• _Provided records_
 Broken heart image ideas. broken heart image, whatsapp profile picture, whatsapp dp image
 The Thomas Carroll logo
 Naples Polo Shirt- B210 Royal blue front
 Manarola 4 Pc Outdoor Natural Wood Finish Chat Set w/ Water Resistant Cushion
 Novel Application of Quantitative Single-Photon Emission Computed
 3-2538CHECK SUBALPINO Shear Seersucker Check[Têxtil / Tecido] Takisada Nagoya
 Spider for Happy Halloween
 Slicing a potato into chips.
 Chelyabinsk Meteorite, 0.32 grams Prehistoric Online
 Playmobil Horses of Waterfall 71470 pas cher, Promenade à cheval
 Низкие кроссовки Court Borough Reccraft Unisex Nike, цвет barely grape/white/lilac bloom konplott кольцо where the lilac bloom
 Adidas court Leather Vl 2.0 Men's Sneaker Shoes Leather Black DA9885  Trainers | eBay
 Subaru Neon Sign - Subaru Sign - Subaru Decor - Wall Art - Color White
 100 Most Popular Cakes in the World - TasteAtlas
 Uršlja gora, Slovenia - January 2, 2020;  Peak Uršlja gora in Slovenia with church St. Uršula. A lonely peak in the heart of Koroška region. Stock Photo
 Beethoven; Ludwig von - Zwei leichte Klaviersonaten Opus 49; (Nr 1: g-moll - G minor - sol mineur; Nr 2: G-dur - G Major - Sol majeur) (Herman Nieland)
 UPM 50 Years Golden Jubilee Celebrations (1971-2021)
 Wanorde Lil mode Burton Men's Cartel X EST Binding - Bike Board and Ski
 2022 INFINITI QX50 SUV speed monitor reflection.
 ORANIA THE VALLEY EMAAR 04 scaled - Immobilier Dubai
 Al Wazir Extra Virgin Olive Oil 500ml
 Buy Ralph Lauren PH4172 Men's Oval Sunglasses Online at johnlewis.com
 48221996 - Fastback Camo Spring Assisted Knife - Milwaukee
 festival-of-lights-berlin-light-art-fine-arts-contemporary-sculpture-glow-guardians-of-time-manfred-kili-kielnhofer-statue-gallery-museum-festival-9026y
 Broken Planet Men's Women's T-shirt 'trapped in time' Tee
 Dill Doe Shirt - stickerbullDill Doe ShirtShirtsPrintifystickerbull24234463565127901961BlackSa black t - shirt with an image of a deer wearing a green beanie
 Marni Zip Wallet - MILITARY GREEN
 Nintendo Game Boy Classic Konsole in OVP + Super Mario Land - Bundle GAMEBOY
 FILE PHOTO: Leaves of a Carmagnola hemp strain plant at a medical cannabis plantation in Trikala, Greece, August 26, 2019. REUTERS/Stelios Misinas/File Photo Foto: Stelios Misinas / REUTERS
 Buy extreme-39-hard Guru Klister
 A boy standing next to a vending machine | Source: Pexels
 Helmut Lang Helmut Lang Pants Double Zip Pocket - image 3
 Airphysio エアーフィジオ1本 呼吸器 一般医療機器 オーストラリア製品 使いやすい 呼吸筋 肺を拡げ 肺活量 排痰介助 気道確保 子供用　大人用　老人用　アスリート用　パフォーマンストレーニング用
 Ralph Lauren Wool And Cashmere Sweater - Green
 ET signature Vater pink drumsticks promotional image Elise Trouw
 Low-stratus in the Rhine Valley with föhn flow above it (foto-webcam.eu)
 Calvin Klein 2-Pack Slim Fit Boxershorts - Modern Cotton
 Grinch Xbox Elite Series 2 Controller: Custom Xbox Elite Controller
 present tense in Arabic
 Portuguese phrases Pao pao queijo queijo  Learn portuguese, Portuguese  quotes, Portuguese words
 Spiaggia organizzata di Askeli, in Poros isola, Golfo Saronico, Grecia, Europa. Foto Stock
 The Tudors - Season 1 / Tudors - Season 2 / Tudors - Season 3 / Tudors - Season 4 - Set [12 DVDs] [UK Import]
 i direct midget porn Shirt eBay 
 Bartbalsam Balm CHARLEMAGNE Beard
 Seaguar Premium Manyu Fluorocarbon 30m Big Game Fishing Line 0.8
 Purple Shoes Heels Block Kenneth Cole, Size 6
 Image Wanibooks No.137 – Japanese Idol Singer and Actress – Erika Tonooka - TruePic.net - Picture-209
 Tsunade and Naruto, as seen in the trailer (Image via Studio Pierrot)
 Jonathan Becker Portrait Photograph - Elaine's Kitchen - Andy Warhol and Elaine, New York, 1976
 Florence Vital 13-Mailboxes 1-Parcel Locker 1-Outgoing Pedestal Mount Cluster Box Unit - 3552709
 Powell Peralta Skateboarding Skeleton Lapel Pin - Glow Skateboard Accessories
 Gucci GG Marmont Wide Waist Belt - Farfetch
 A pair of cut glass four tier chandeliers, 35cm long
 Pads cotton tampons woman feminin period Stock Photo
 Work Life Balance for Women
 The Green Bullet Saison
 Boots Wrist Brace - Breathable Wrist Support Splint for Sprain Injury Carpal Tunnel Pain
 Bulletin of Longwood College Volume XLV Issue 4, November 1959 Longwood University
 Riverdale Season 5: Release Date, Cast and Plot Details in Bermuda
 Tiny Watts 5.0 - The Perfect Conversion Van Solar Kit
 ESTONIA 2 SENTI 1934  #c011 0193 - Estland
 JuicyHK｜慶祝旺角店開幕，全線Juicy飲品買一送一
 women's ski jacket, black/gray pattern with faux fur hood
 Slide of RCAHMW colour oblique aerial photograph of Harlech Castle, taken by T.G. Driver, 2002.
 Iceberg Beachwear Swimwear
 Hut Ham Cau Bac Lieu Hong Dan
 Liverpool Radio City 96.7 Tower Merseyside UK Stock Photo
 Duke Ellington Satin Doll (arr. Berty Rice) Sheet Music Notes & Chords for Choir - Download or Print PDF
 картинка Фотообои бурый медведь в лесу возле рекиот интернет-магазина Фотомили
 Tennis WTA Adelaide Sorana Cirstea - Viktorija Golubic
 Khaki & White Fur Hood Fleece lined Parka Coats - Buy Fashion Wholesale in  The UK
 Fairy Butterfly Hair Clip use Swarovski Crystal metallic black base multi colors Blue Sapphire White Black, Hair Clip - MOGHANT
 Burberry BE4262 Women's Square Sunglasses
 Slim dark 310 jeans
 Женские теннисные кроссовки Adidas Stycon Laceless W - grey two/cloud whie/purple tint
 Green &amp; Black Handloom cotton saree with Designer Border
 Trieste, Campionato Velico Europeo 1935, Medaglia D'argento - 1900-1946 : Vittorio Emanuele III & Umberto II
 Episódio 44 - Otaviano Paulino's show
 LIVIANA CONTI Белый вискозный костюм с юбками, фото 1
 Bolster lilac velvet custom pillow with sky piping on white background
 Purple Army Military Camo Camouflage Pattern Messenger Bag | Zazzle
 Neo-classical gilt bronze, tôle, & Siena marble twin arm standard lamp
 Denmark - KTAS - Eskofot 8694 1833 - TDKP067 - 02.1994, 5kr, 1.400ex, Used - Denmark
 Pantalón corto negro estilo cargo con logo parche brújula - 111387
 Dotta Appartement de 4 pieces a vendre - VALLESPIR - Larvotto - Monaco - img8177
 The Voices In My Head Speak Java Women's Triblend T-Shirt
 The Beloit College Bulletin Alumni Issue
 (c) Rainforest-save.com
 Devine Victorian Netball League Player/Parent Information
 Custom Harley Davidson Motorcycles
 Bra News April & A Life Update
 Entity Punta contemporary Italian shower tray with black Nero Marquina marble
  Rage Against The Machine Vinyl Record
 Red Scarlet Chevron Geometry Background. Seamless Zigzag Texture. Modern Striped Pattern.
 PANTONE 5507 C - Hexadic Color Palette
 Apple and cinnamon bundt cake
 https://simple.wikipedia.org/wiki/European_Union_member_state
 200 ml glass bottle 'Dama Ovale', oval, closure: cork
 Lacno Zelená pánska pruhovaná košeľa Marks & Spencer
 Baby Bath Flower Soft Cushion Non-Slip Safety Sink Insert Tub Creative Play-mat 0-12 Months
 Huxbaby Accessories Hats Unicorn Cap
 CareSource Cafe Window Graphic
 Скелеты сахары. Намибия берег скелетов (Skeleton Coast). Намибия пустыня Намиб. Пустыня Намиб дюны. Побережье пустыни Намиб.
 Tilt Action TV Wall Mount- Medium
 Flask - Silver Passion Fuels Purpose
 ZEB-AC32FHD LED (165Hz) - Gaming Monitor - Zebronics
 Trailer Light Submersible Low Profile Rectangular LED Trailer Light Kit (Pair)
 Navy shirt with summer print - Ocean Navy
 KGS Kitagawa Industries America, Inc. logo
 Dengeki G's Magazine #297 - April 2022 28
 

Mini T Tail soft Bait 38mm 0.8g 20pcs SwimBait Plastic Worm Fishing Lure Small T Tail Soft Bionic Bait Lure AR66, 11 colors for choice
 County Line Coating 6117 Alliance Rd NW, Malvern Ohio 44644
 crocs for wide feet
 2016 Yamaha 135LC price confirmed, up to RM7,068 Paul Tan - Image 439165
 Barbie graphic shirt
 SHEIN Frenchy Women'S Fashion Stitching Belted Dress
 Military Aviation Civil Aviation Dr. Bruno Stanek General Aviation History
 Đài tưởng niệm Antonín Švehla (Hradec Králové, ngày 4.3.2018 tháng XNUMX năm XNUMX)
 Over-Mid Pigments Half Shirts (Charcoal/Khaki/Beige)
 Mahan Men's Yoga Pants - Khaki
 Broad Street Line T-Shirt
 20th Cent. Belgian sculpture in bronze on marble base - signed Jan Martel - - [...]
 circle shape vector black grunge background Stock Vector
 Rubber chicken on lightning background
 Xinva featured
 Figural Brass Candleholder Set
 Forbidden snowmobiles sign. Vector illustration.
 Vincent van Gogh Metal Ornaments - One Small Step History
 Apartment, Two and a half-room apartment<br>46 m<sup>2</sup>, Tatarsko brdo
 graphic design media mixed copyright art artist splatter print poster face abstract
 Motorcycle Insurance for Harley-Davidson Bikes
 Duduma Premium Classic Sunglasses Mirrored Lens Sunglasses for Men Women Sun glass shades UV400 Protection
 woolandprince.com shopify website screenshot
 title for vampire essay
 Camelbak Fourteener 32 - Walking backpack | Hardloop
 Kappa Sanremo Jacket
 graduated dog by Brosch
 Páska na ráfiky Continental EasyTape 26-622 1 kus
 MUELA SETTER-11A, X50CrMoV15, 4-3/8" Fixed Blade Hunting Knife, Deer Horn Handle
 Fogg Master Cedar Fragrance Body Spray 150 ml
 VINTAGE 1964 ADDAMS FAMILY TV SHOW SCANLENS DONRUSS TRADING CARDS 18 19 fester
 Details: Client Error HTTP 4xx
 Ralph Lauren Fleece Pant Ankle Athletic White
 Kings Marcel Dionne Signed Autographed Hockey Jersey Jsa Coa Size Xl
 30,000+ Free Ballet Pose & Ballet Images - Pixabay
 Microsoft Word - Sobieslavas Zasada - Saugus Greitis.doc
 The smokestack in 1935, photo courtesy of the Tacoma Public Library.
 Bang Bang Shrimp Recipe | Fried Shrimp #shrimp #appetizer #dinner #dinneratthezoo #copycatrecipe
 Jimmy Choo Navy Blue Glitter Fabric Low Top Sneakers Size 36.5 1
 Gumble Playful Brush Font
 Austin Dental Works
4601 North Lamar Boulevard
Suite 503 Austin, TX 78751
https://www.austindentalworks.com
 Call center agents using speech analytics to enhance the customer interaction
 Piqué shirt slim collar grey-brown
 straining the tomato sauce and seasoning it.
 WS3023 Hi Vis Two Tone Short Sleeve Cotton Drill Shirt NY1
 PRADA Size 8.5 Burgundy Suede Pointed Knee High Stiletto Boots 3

• _What is expected_
The expected answer is an exact copy of the lines beginning at the one with "WS3023 Hi Vis" and running to the end of the entries above.

• _Written solution_
 WS3023 Hi Vis Two Tone Short Sleeve Cotton Drill Shirt NY1
 PRADA Size 8.5 Burgundy Suede Pointed Knee High Stiletto Boots 3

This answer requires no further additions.